Nevertheless they seem to be working w/o much problems. Camcontrol says the tape is offline after a camcontrol tur, a 2nd camcontrol tur states the tape online and it works flawlesly with mt and tar.

Now I wish to backup my disks from time to time to tapes but want to avoid "big" solutions like Bakula or similar.
What is the best way to backup a ZFS? I know about ZFS send and snapshots, but some people mean that this isn't the best solution and suggest to use tar instead. Some people are warning that ZFS isn't forgiving any bitrot and suggest to use tar therefore..??

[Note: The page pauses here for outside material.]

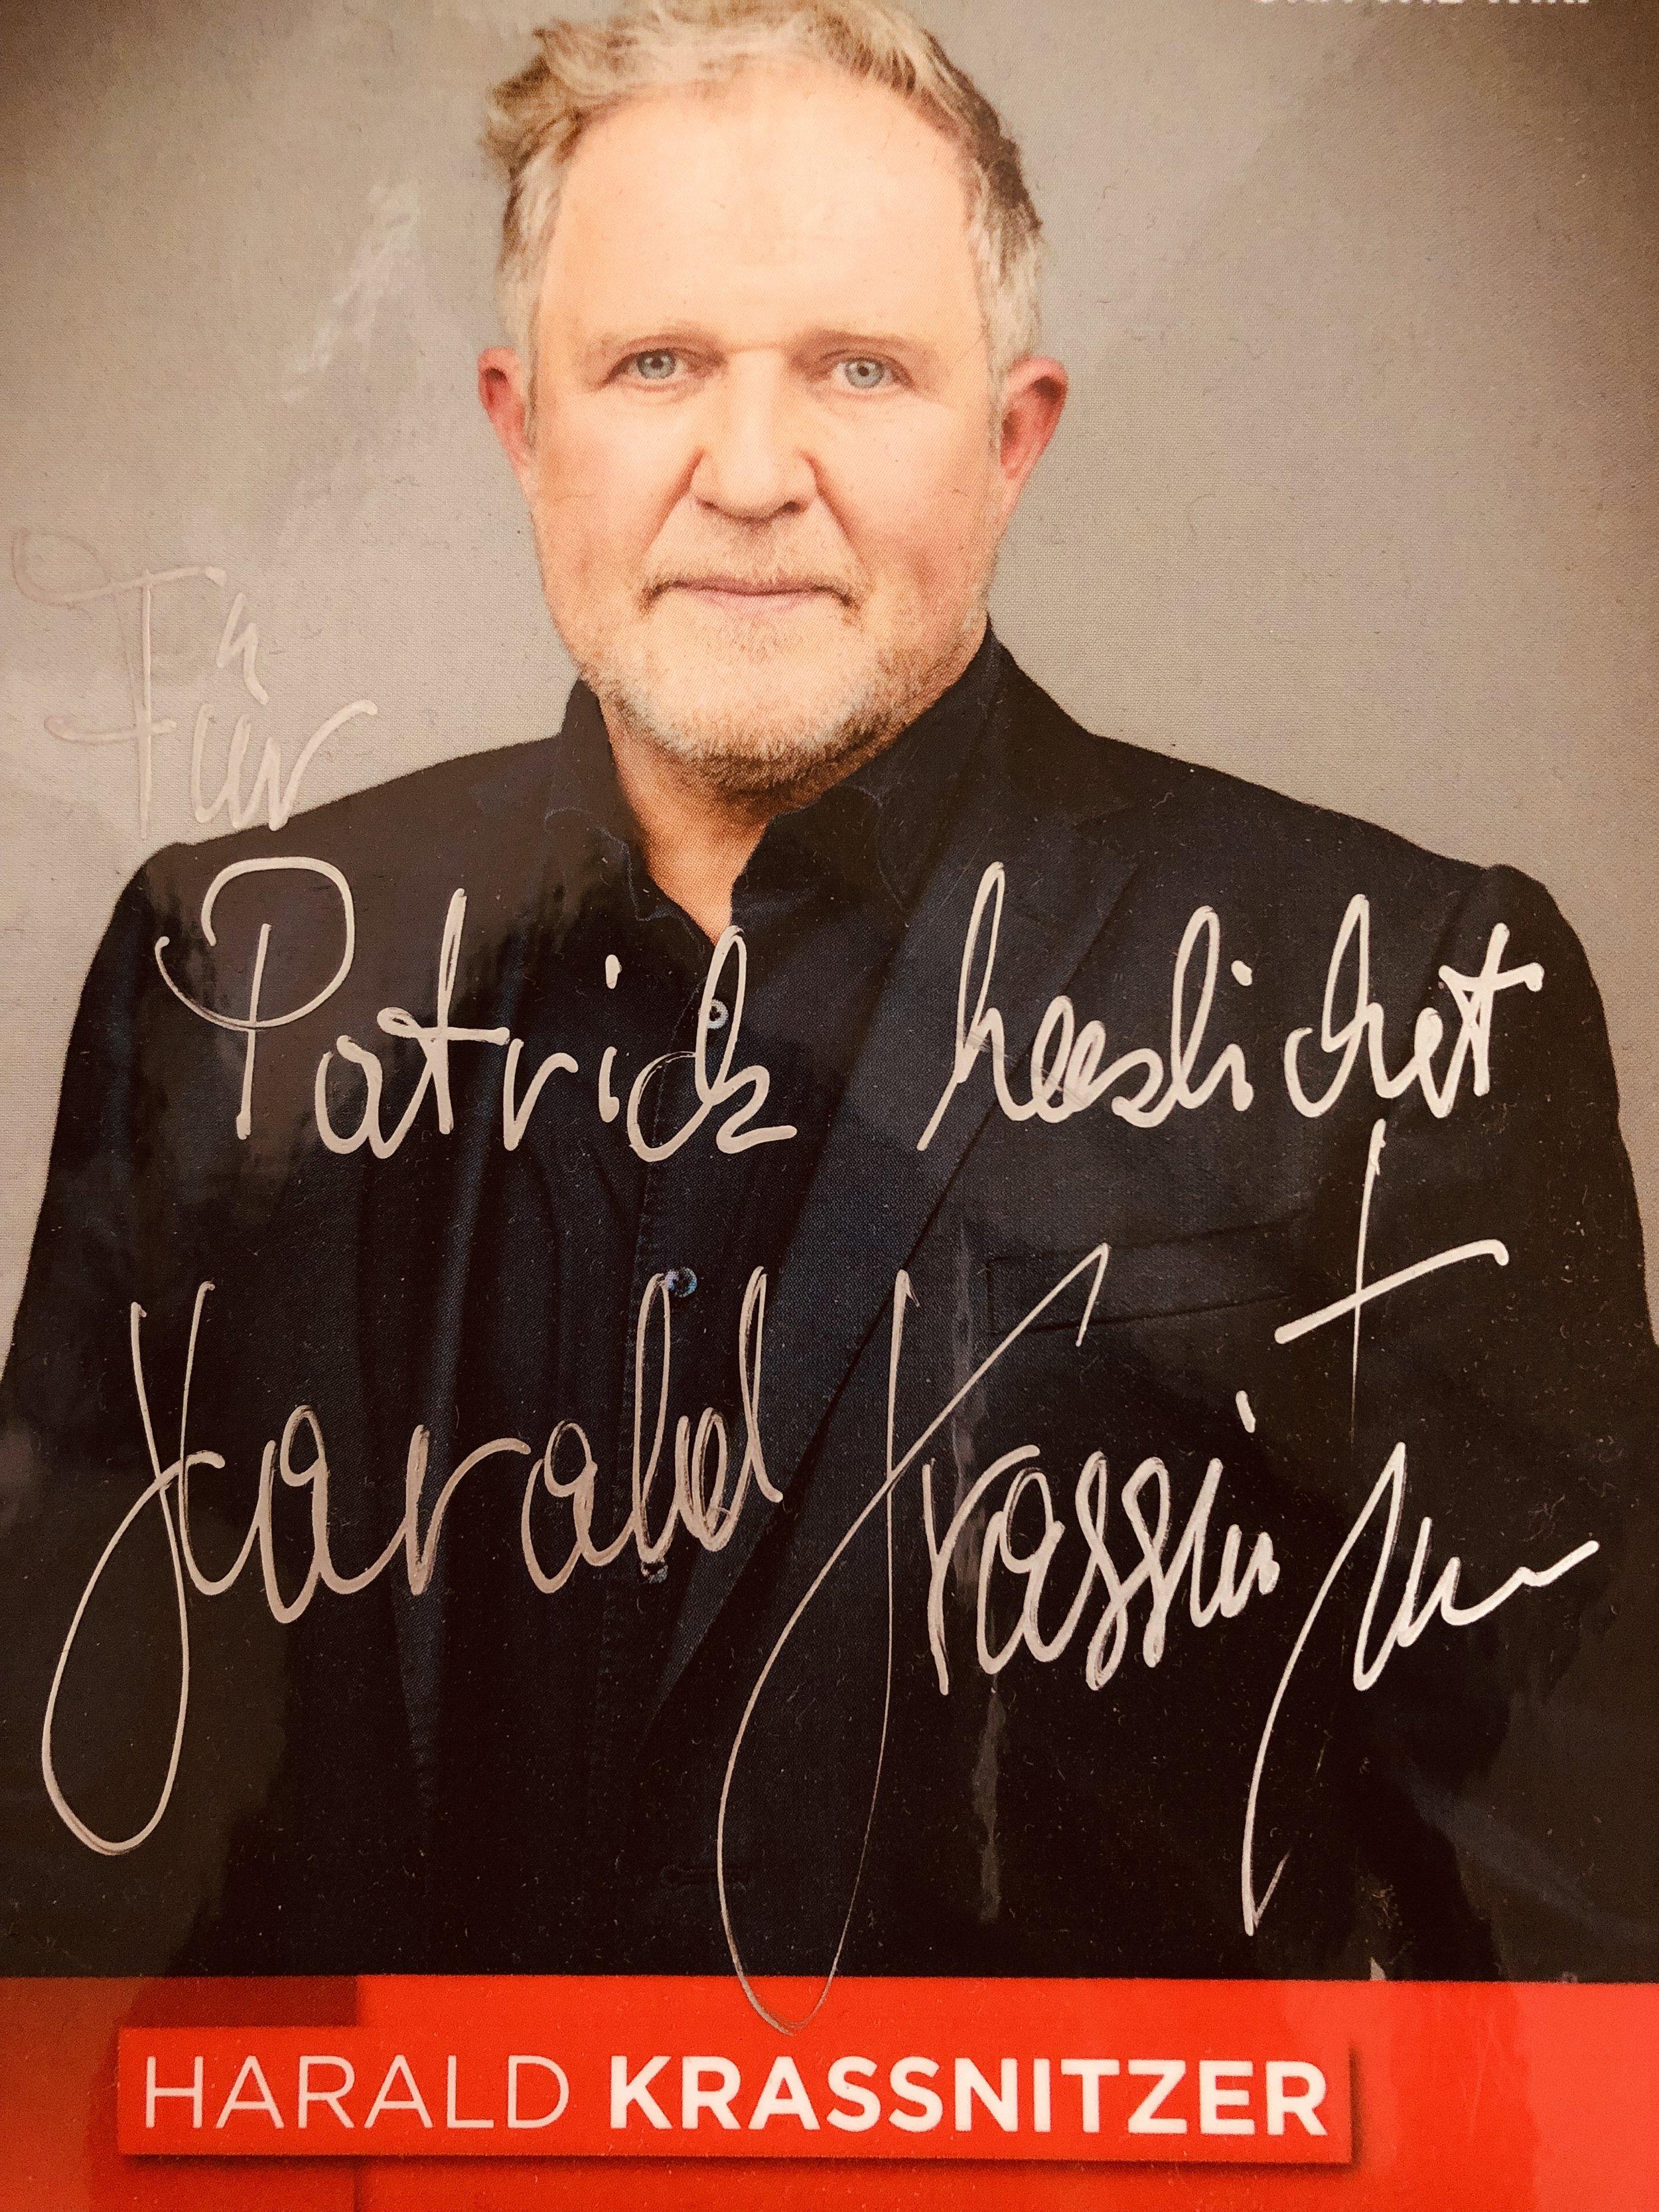 Foto: ORF. Autogramm Harald Krassnitzer für Patrick Schönberger.

What backup system could I use for backing up my single PC (and maybe the Notebooks from my wife and my son)?

Thanks in advance,

Holm


----------



## covacat (Dec 20, 2021)

i'd use tar, but i find it overkill to use  a lto drive at home
i would ebay the drive and the hba and use usb harddrive(s)


----------



## holm (Dec 20, 2021)

I do have three drives ..for free, additional 1 controller for free..
I want to switch on the Drives PSU with an solid State Relais, do some nightly backup and switch it off again..
The goal is todo some incremental backups after a first complete one.

Regards,
Holm


----------



## chrbr (Dec 20, 2021)

Long time ago I have had a tape drive. At that time the saying was that bit rot makes it impossible to restore a tar archive. The suggestion was to use cpio instead. Then only files with the bit rot are corrupted. It can be that the situation has changed. That was a long time ago.
Kind regards from Fürth/Mittelfranken!


----------